◆ **ACTIVITY**:
When the line with "2014 Chevrolet Chevy Cargo Van" appears below, start repeating lines exactly, and keep going through the line with "(2016-02-13) - Inauguración"; add nothing outside that span.

◆ **DATA FOR PROCESSING**:
"""

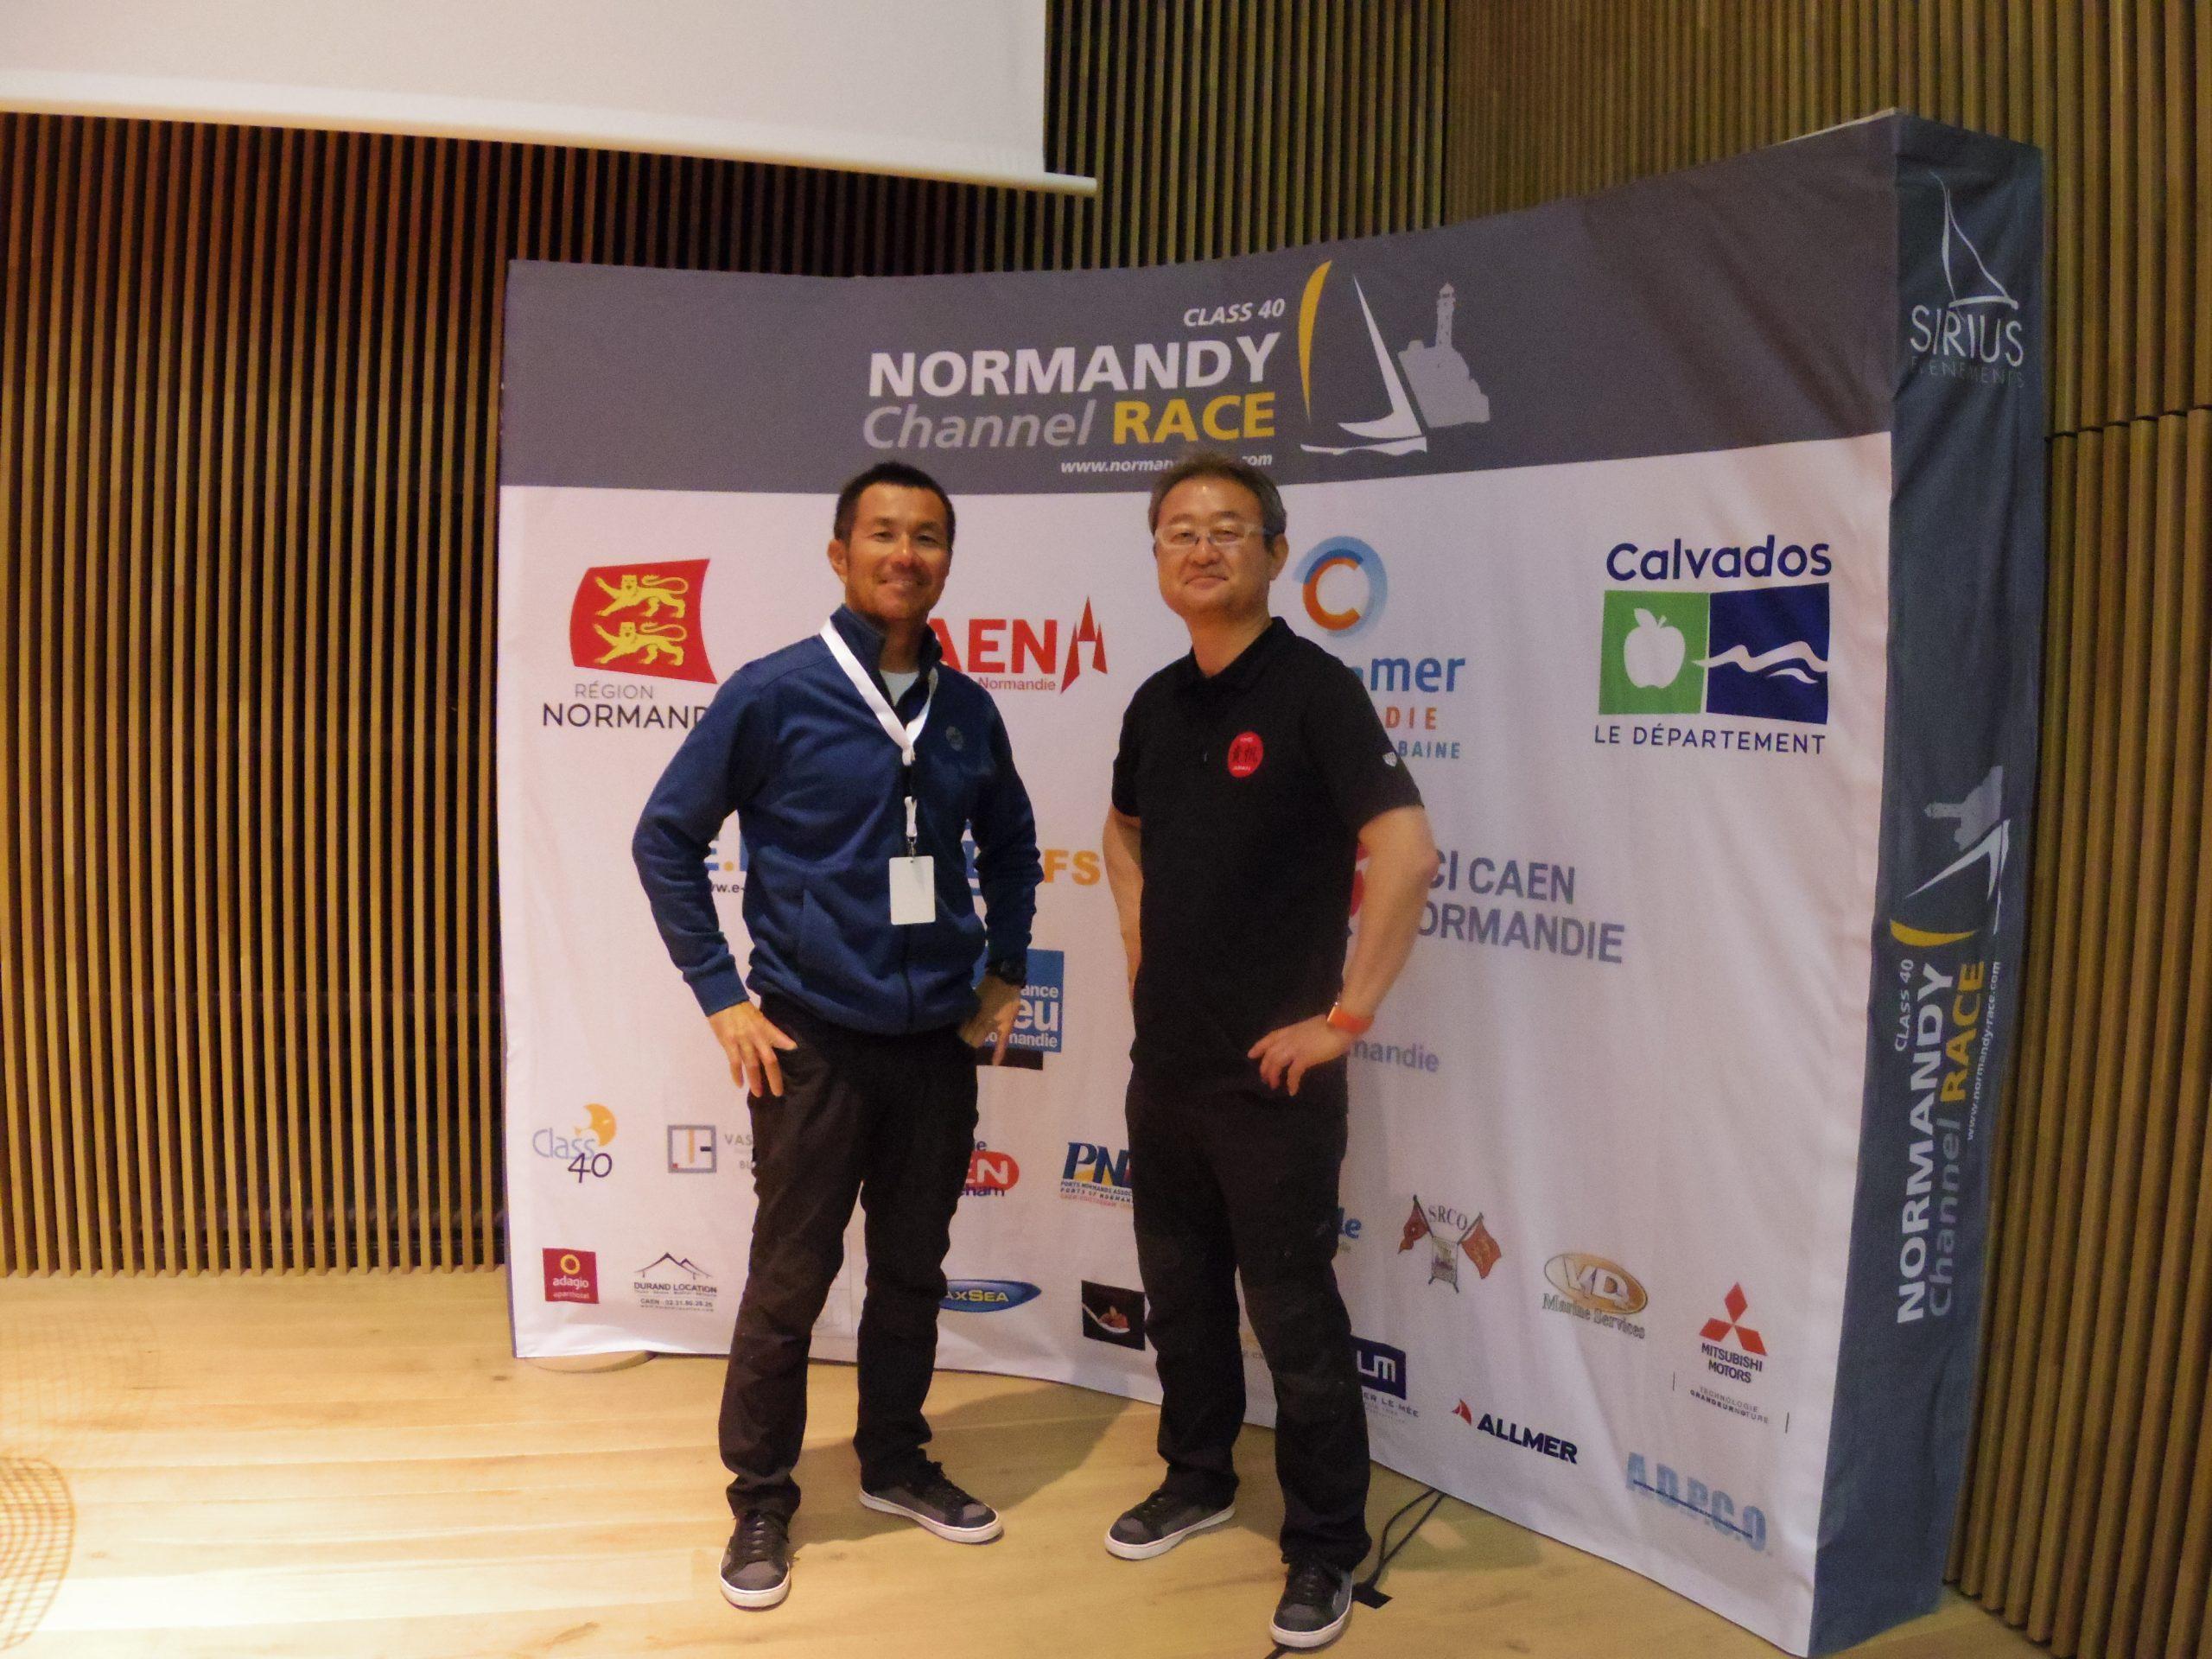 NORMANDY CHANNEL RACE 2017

"""
"""

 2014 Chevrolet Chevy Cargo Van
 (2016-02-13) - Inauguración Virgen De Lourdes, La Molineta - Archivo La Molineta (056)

"""
"""

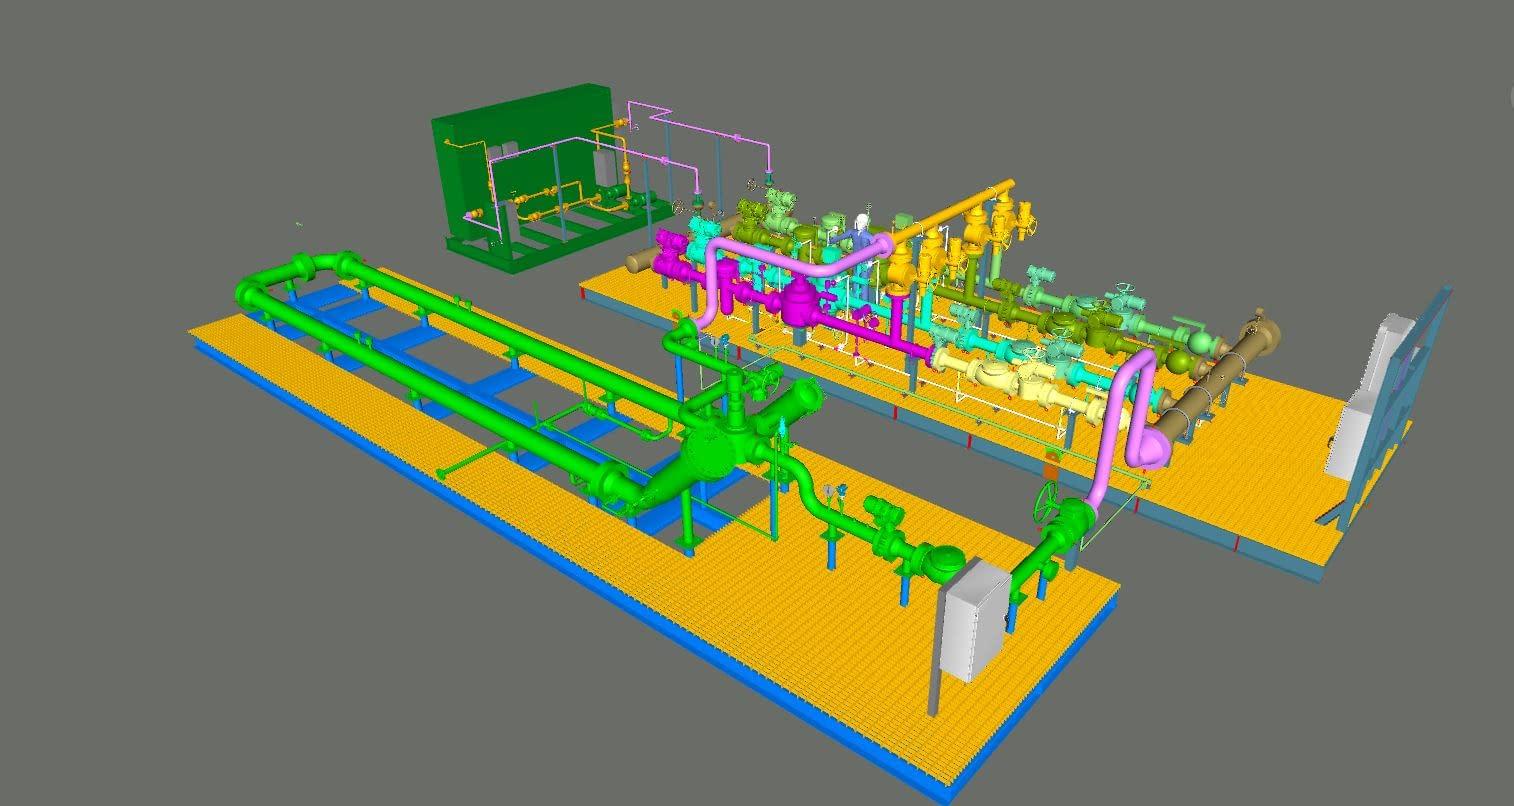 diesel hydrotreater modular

"""

◆ **EXERCISE ANSWER**:
 2014 Chevrolet Chevy Cargo Van
 (2016-02-13) - Inauguración Virgen De Lourdes, La Molineta - Archivo La Molineta (056)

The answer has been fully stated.